- Born: September 5, 1886 Portugal
- Died: August 2, 1964 (aged 77) Portugal
- Allegiance: Portugal
- Branch: Portuguese Army
- Commands: PVDE (founder and director), Interpol (President, 1956–1961)
- Known for: Founding PVDE, presidency of Interpol
- Conflicts: World War I
- Awards: Commander of the Royal Victorian Order

= Agostinho Lourenço =

Portuguese secret police official

Agostinho Lourenço da Conceição Pereira (5 September 1886 – 2 August 1964) was a Portuguese soldier, best known for founding and running the Portuguese political police under the Estado Novo.

Lourenço fought in World War I for the British. After the war, he acted briefly as governor of Leiria. He was made Commander of the Royal Victorian Order for services to the future Edward VIII, then Prince of Wales, who was visiting Lisbon in 1931.
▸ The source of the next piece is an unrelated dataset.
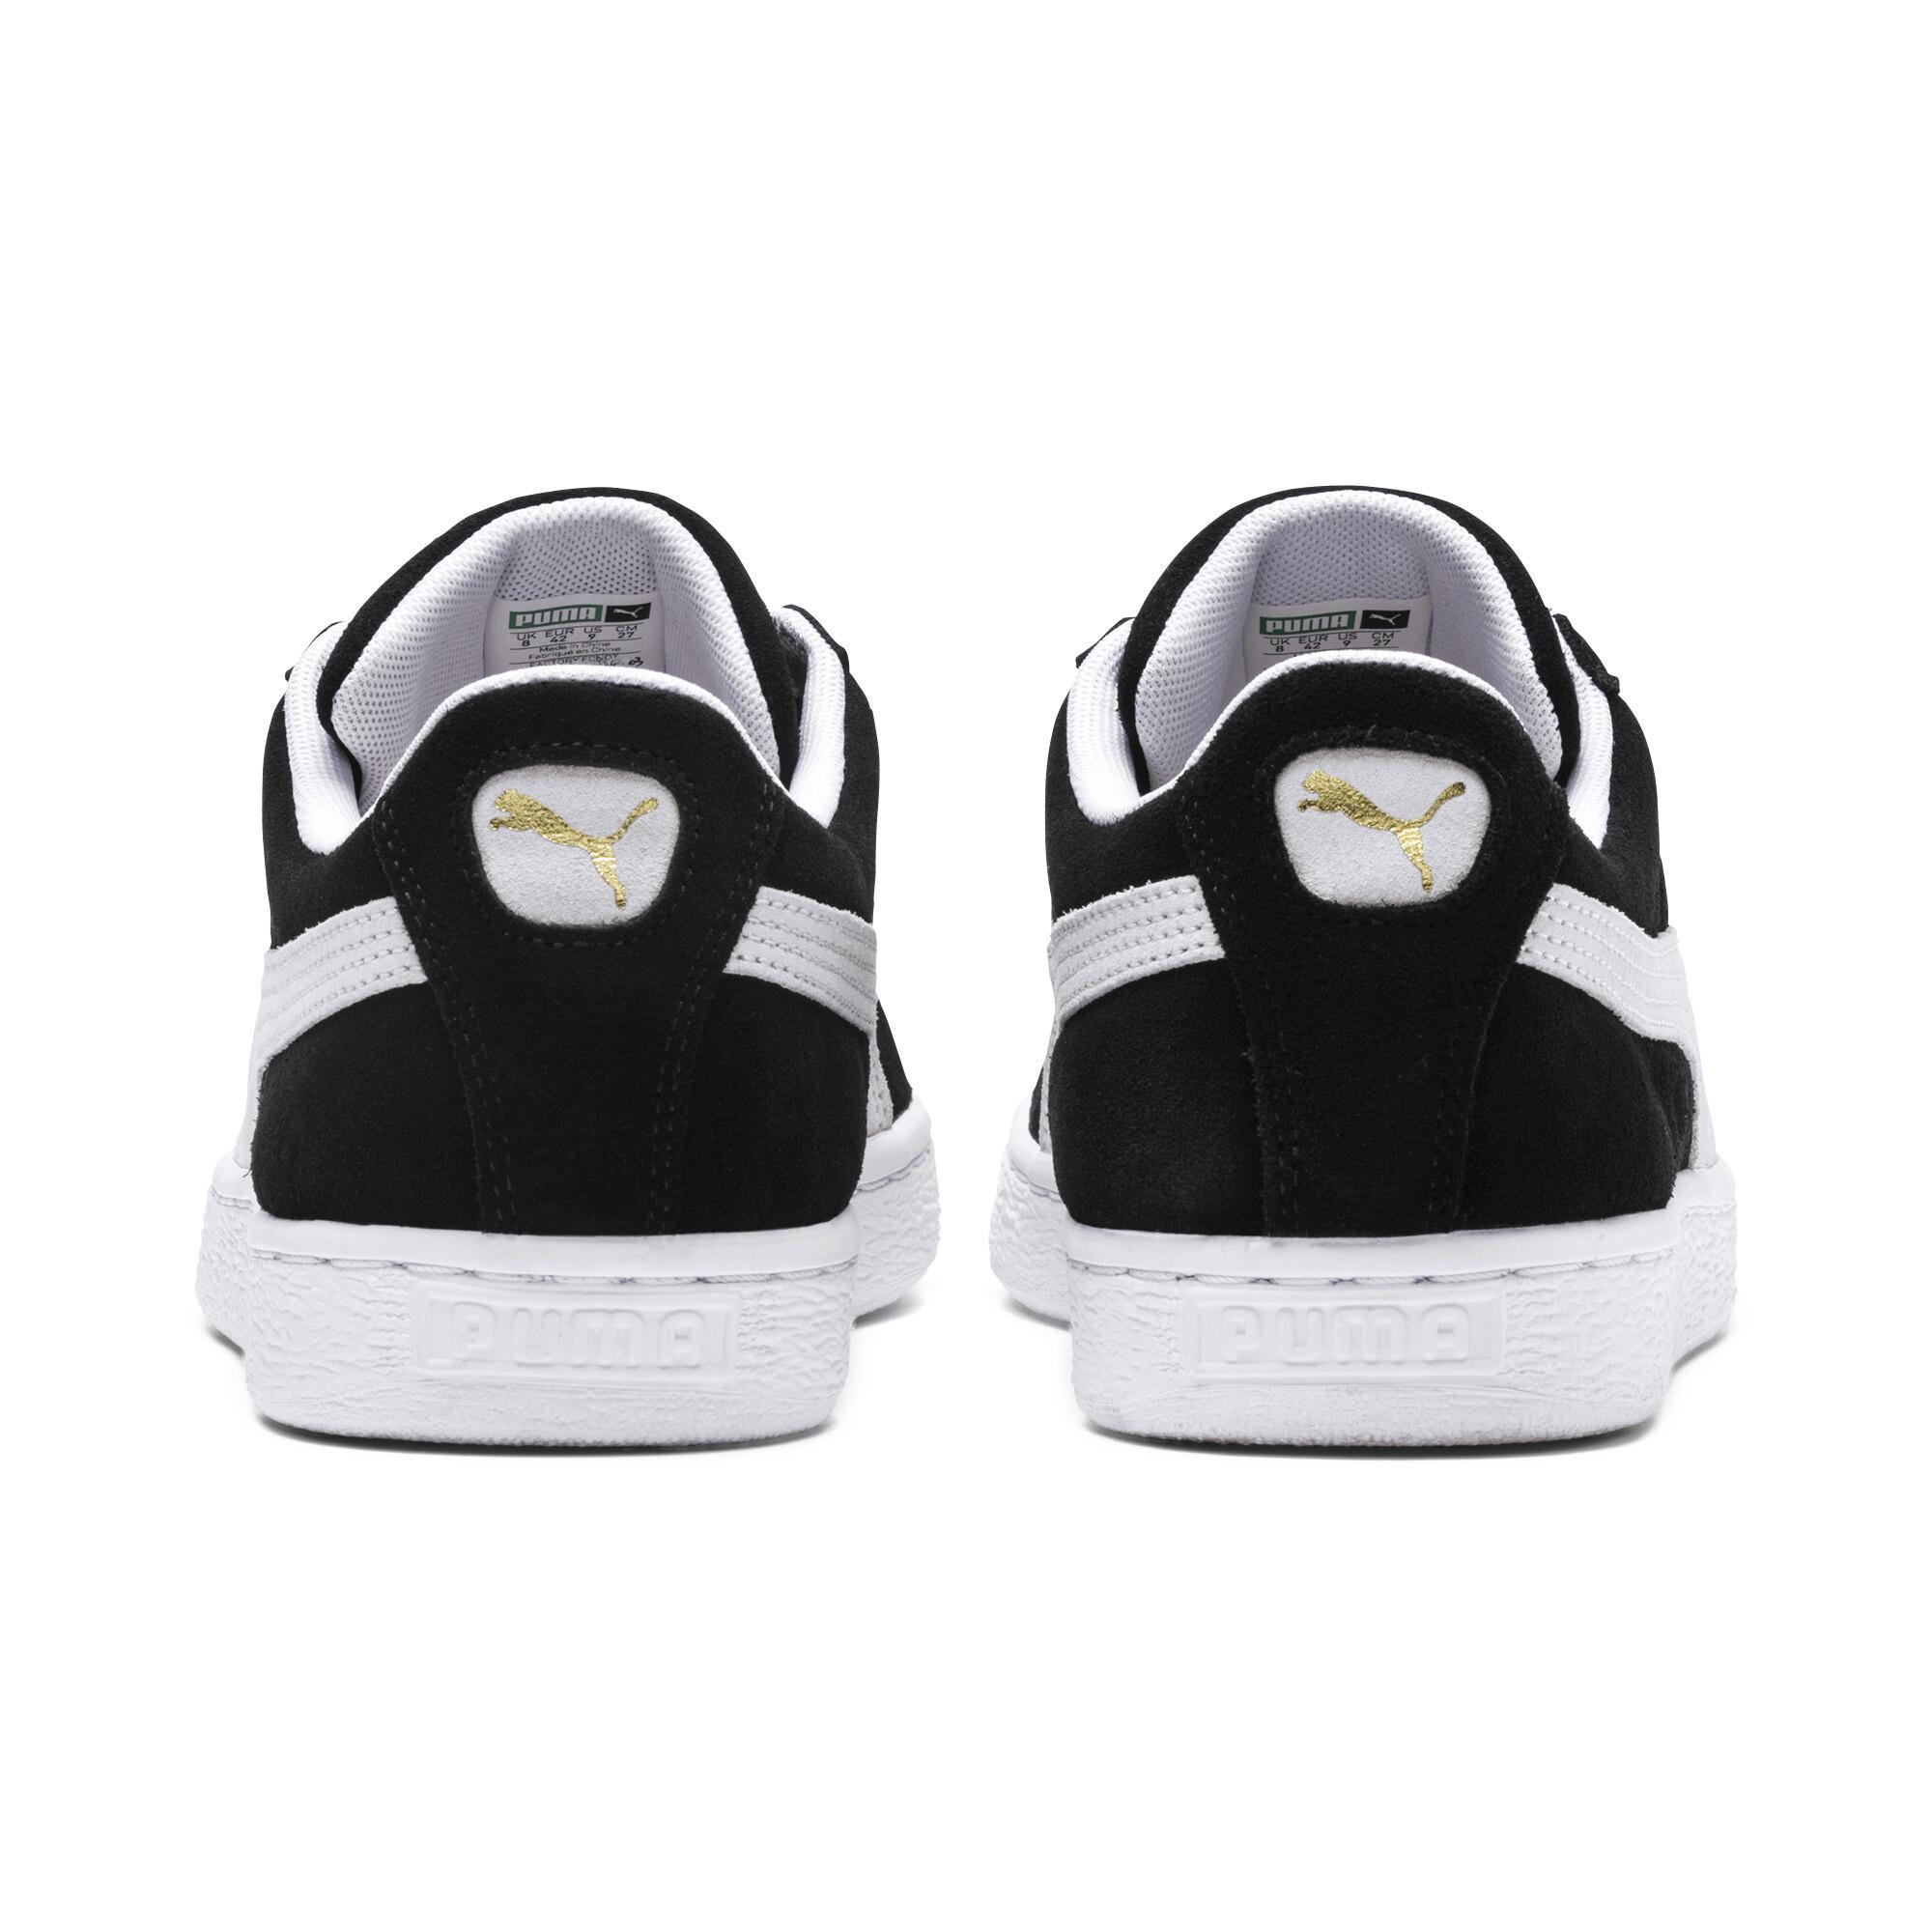 PUMA-Suede-Classic-Sneakers-Men-Shoe-Sport-Shoe thumbnail 6
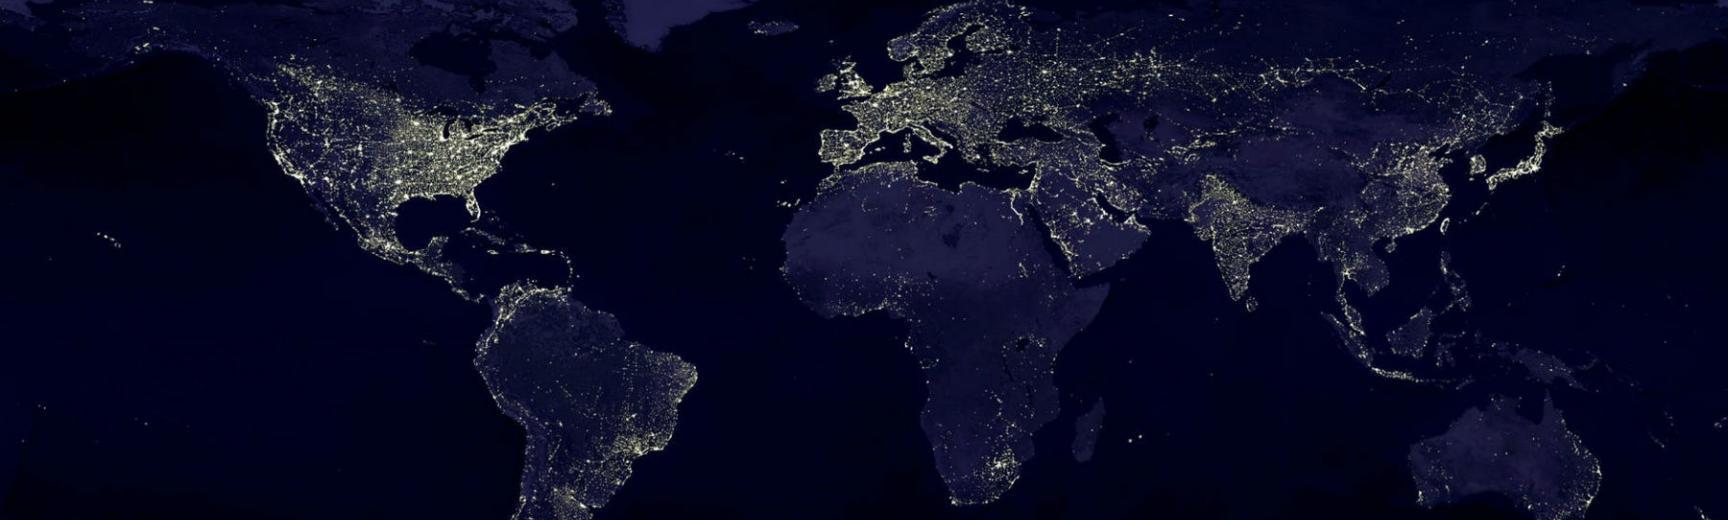 earth earth at night night lights 41949 pexels2

In 1933, in the early days of the Salazar regime, Lourenço founded the PVDE, Portugal's security and immigration police. According to Professor Douglas Wheeler, "an analysis of Lourenco's career suggests strongly that British Intelligence Services' influence had an impact on the structure and activity of PVDE". Lourenço had earned a reputation with British observers, recorded in a confidential print generated at the British embassy, which suggested a "pro-British" bias on his part.

He always kept a good relationship with the MI6, which allowed him in 1956 to become the president of Interpol, which he remained for five years.